In his assault on God and the traditional faith Ivan proceeds
in a way that transcends the rationalistic argumentation of the old–
time atheists. For him it can no longer be a question of attempting
to disprove God's existence logically. Ivan is not one to permit his
intellectual faculties to linger in the modes of the past. He has made
the essentially modern leap from the static framework of analytic
thinking to thinking in terms of the historical process. But his leap
is made in the typical Russian fashion of that epoch. That is to say,
it lands him not in the somewhat placid "historicism" then prevailing
in the consciousness of the West but in the eschatological frame of
mind common to the Russian intelligentsia of the latter part of the
past century.
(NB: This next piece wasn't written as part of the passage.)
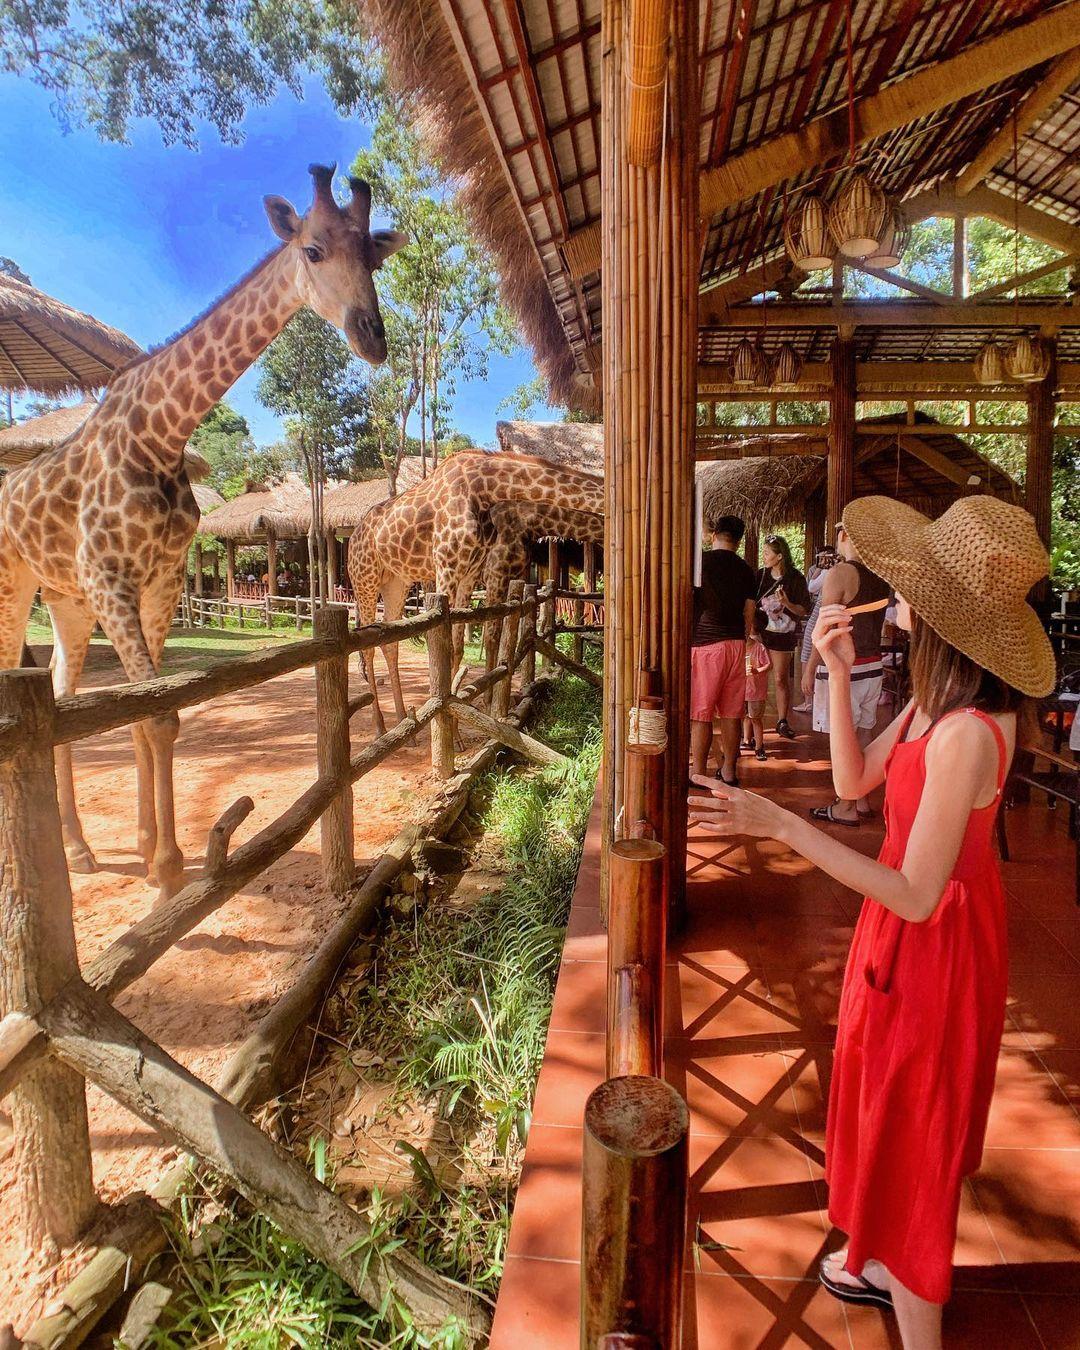 Vui chơi tại Vinpearl Safari. Hình: @wtifwtif

For whatever their outlook, whether revolutionary or
not, inclined to nihilism or given to apocalyptic visions, in the main
those people tended to see history as verging toward the ultimate
and bringing forth a final solution compounded either of pure good
1 My impression is that the identification is more on the intellectual plane
than on that of intimate subjectivity. But of course in Dostoevsky ideas are
never divorced from feeling; in his critical statements he was wont to link them
by inventing such new-fangled terms as "idea-forces" and "idea-feelings." In
her memoirs Aimee Dostoevsky recalls the family tradition that her father, in
looking back to his youth, "portrayed himself in the person of Ivan."